I ragazzi risero e Bernie diede un buffetto sulla mano alla ragazza, arrossendo. Ned la baciò sulla guancia, scherzosamente. Mel si rivolse a Benedict.
«E tu dove hai studiato? Sei andato all’Università?»
«Posso dirtelo io se vuoi» disse Ned, beccandosi un’occhiataccia sia da Bernie che da Mel, mentre Benedict rideva.
«Sono andato all’Università di Manchester e alla LAMDA a Londra, ho studiato Teatro.»
«Ah-ha, sei attore secchione…» mormorò Bernie.
«In cosa hai recitato la prima volta?» chiese Mel. Benedict socchiuse gli occhi cercando di ricordare, poi rise.

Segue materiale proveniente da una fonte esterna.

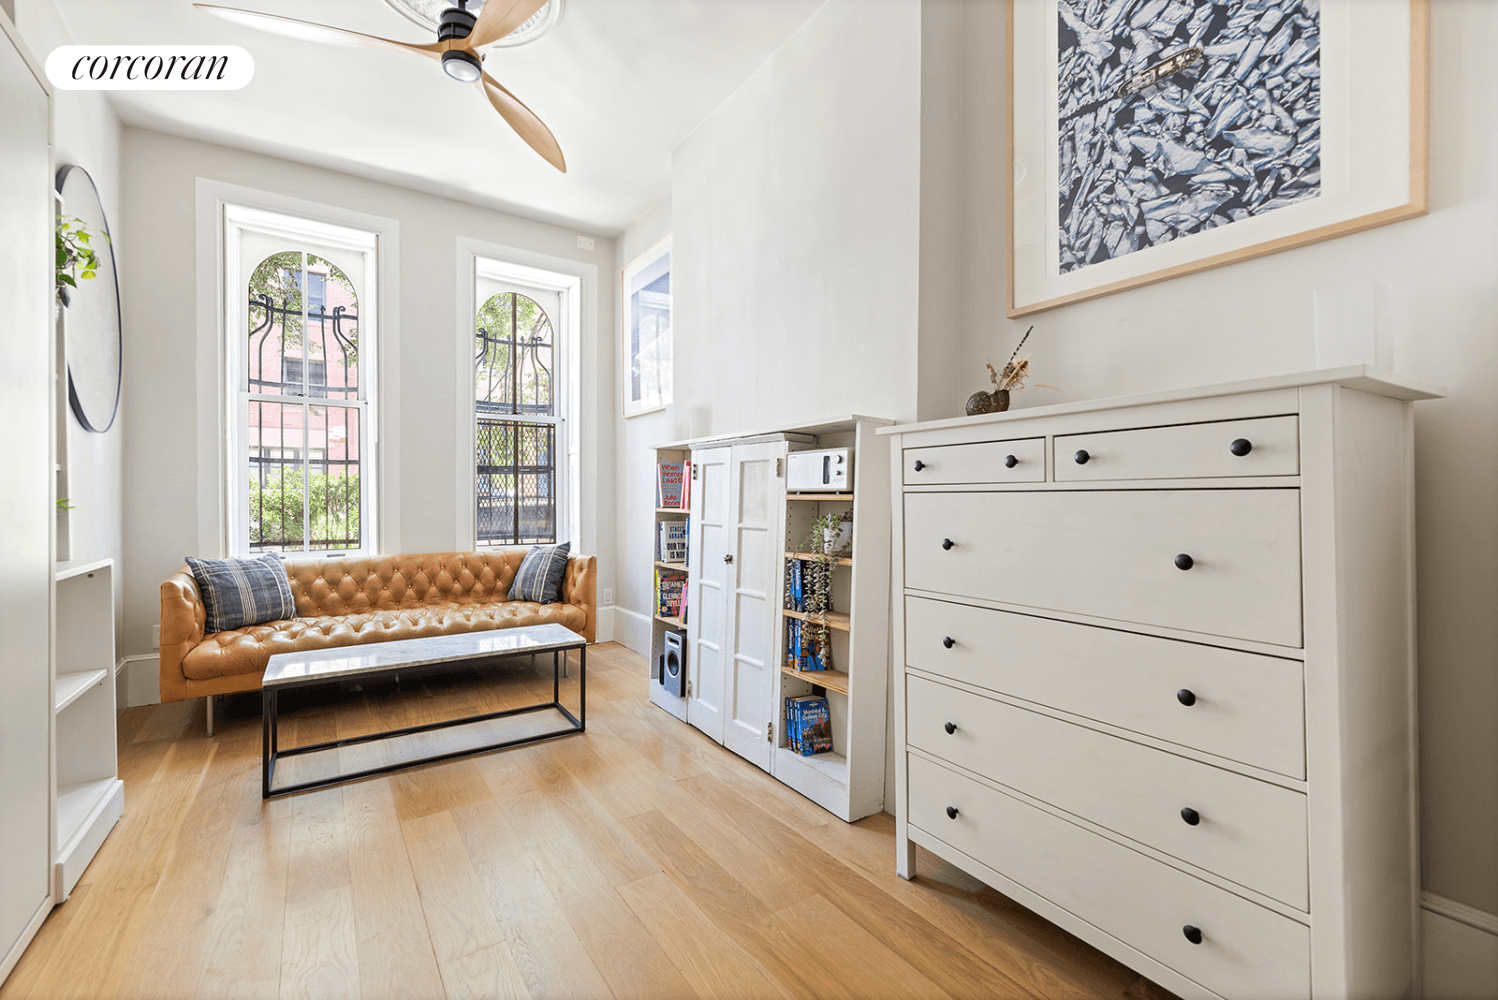 Welcome home to the peaceful and charming West Village.

«La mia reputazione andrà a farsi friggere ma… Ho fatto Titania, la regina delle fate.»
Gli altri lo guardarono increduli e perplessi.
«Come diavolo ti hanno preso? Hai una voce da trombone!» esclamò Mel, facendo ridere Bernie e Ned.

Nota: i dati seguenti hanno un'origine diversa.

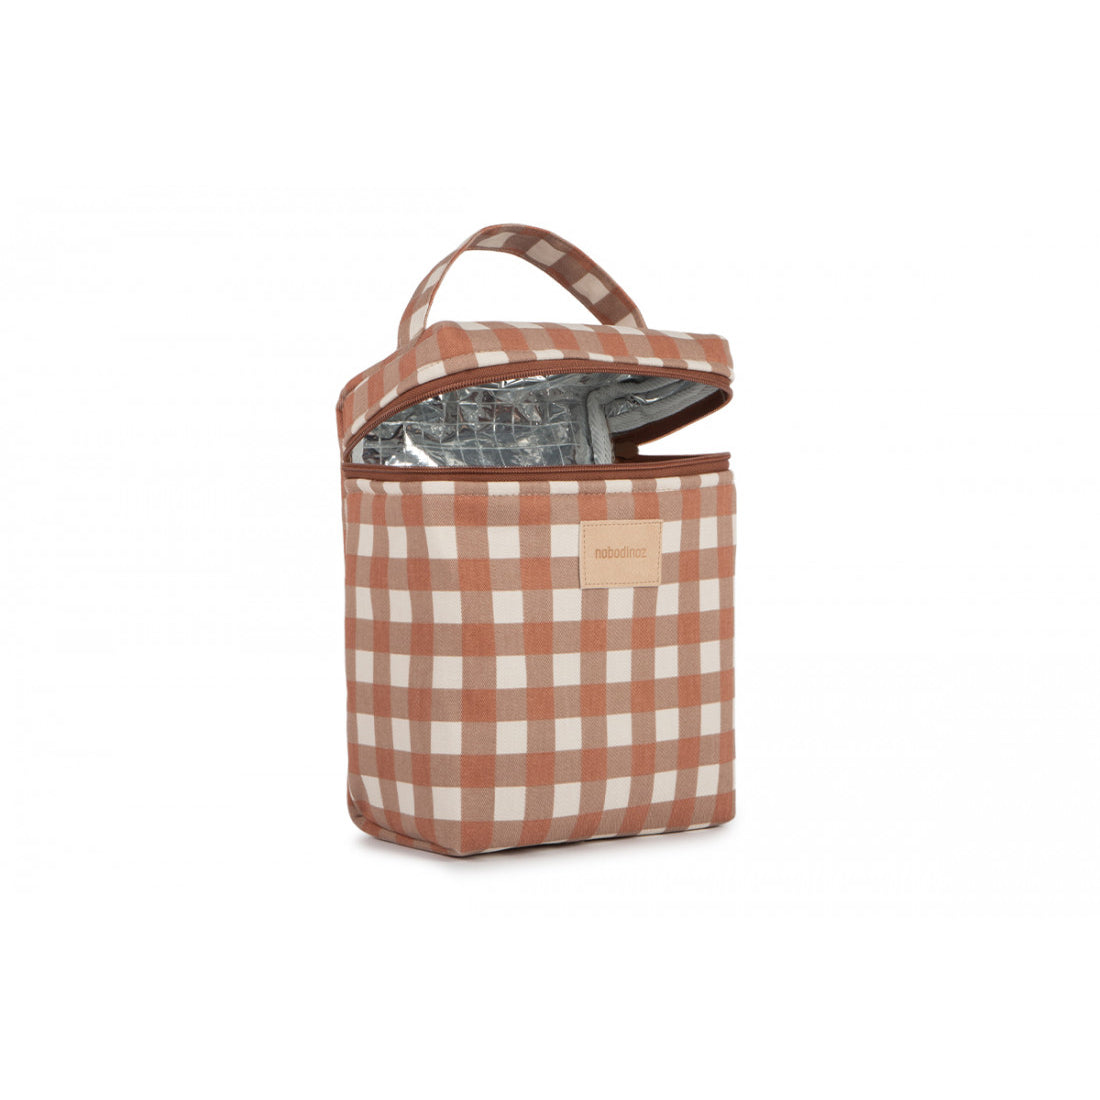 nobodinoz-hyde-park-insulated-baby-bottle-and-lunch-bag-terracotta-checks-nobo-4926937

«Avevo dodici anni!» si affrettò a spiegare Benedict, alzando le mani. Mel annuì, sollevata, poi sogghignò.
«Sai che potrò ricattarti per sempre? Che dirò a chiunque ti conosca e voglia ascoltarmi che hai interpretato Titania la regina delle fate, omettendo casualmente il fatto che avevi dodici anni?»
Benedict abbassò la testa e alzò le mani in segno di resa.
«Tenterò di non suscitare mai la vostra ira: sarò alla vostra mercé, milady, da ora e per sempre.»
Bernie e Ned esultarono, come se stessero seguendo la loro soap opera preferita.
«Te lo sei accalappiato, Mel!» esclamò Bernie.
«Ora sono cavoli tuoi, amico» disse Ned, battendo una pacca sul braccio di Benedict con aria compassionevole. Mel arrossì e gli altri risero.
Continuarono a chiacchierare e scherzare, e Benedict si trovava benissimo con loro, perfettamente a suo agio. Solo Ruth rimaneva in disparte, lanciandogli ogni tanto occhiate oblique che lo confondevano.
Stava raccontando un episodio divertente che gli era capitato a scuola, quando il cellulare gli notificò un messaggio. Senza smettere di parlare, lo tirò fuori di tasca e controllò. Ammutolì e alzò lo sguardo su Mel.
«È l’ispettore McConaghan, dobbiamo andare. Hanno una pista.»







 


"No shit Sherlock" è un'espressione gergale che si usa per prendere in giro qualcuno che dice l'ovvio.
Sì, secondo Wikipedia, Benedict Cumberbatch è stato Titania. Quell'uomo non smetterà mai di sorprendere.